***** DATA SHOWN

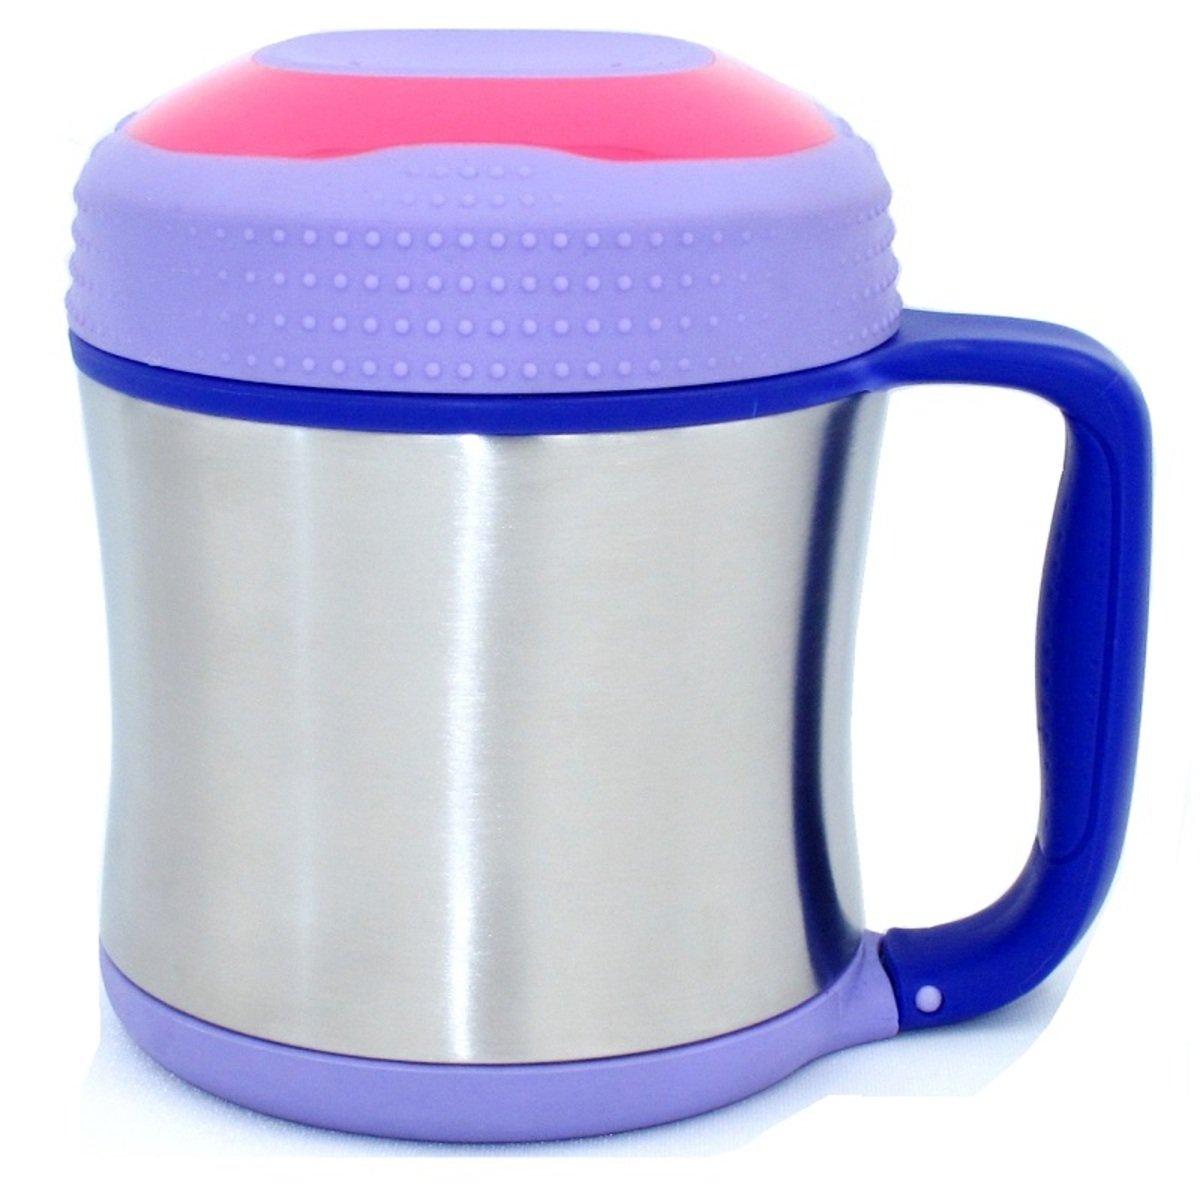 兒童食物杯 (不銹鋼j真空)-紫藤花色
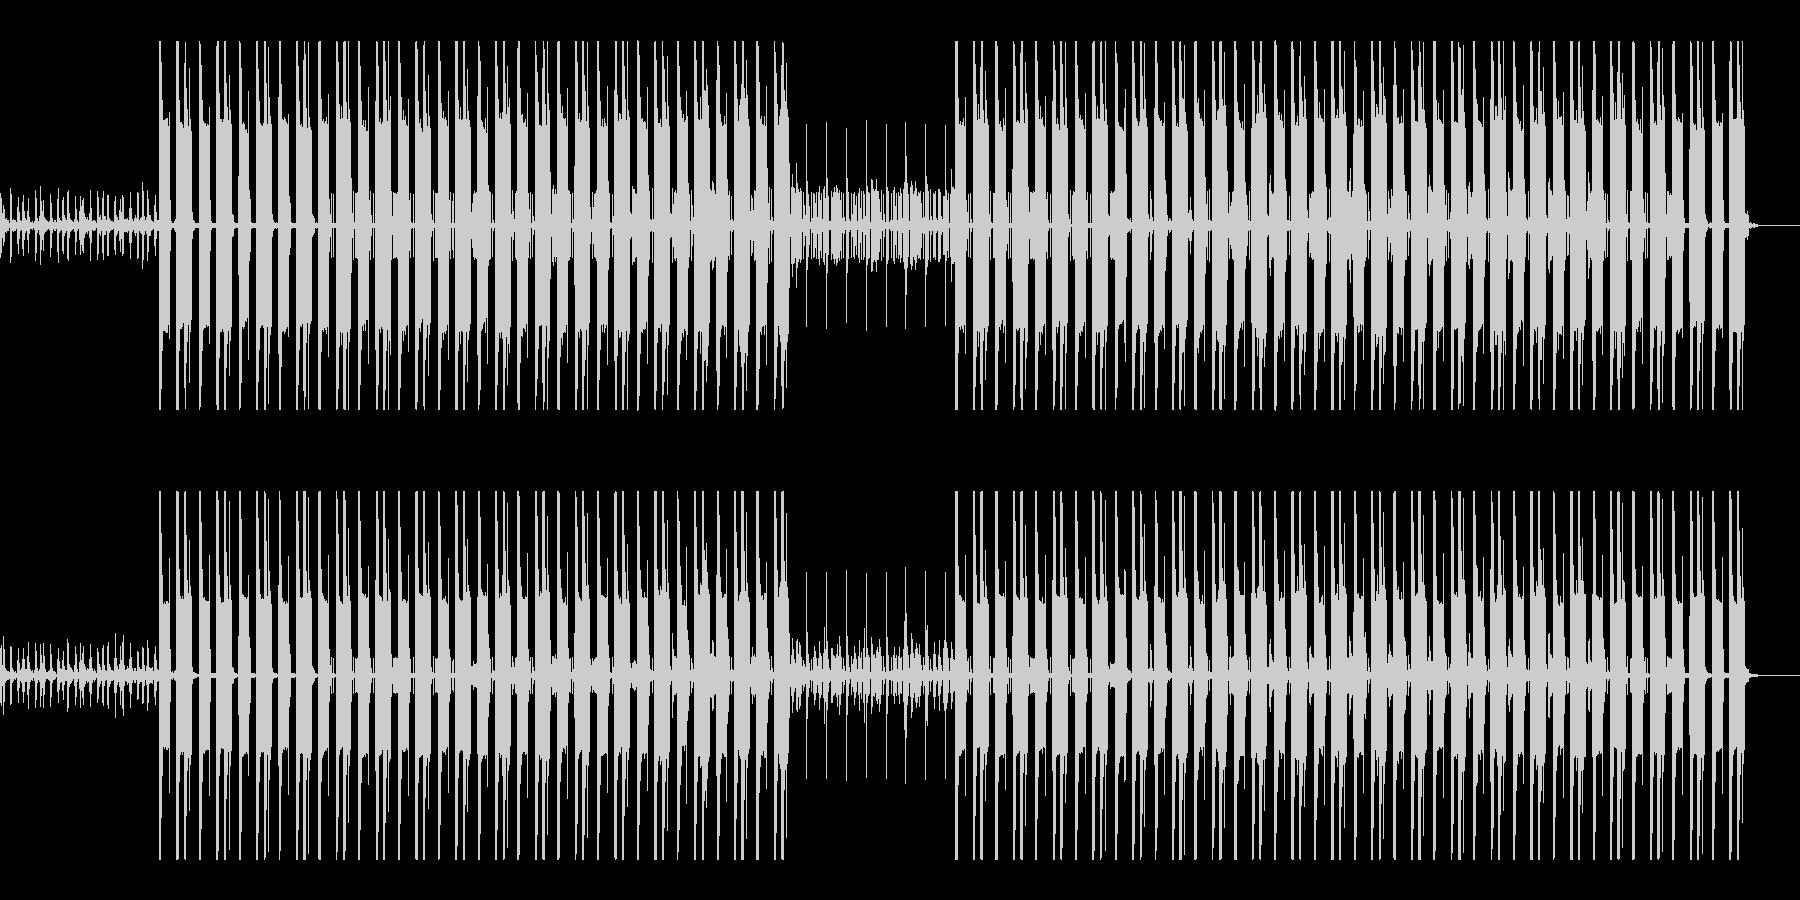 ヒップホップ 重低音 ウーファー の未再生の波形
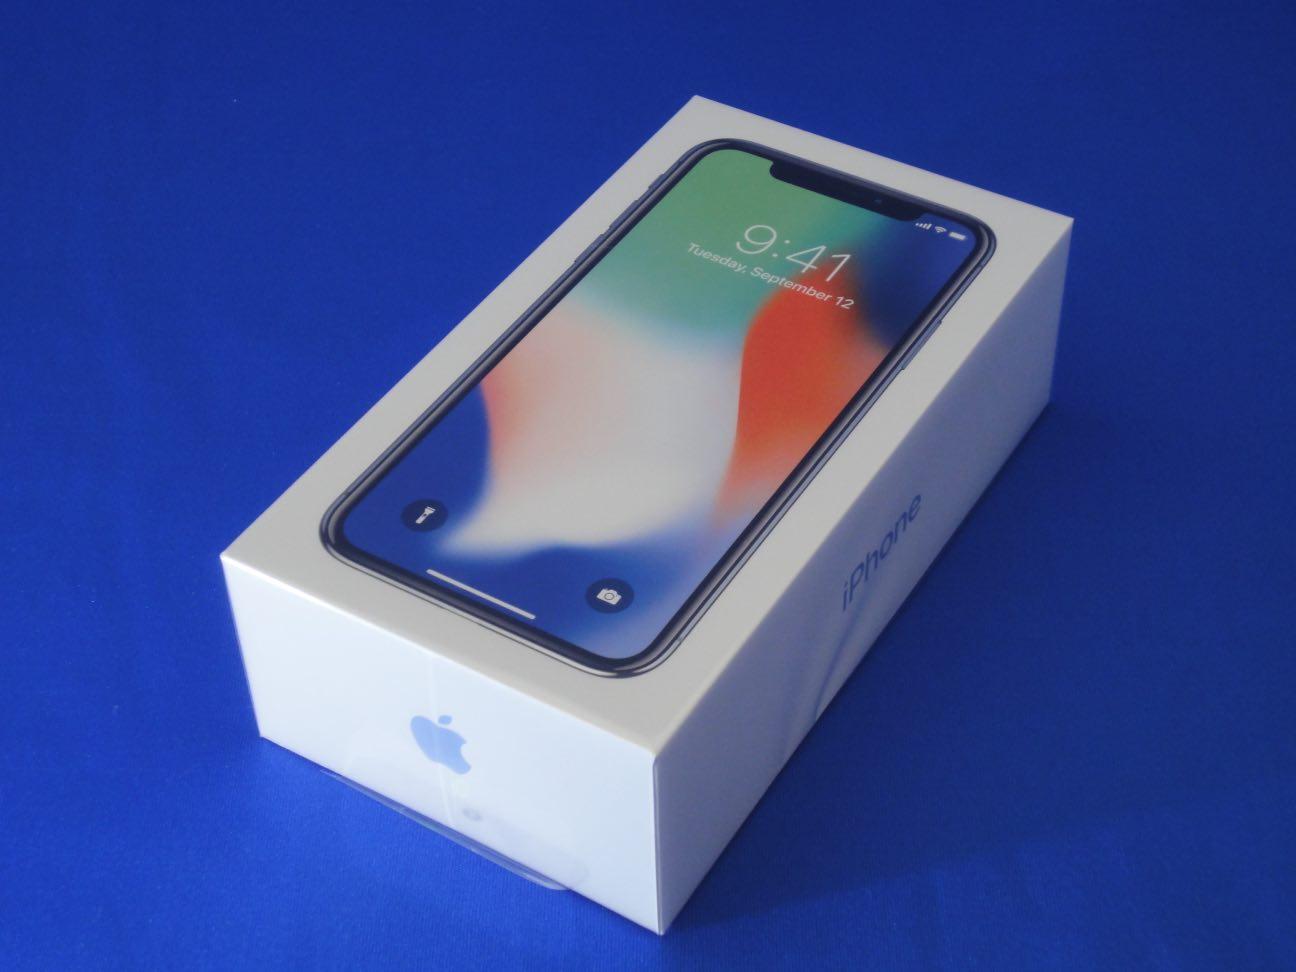 SIMフリー版iPhoneX256GB開封の儀!まずは外観のレビューから

**********

** ABOUT THIS EXERCISE **
Drop the images; restate the listing exactly.

** TASK SOLUTION **
 兒童食物杯 (不銹鋼j真空)-紫藤花色
 ヒップホップ 重低音 ウーファー の未再生の波形
 SIMフリー版iPhoneX256GB開封の儀!まずは外観のレビューから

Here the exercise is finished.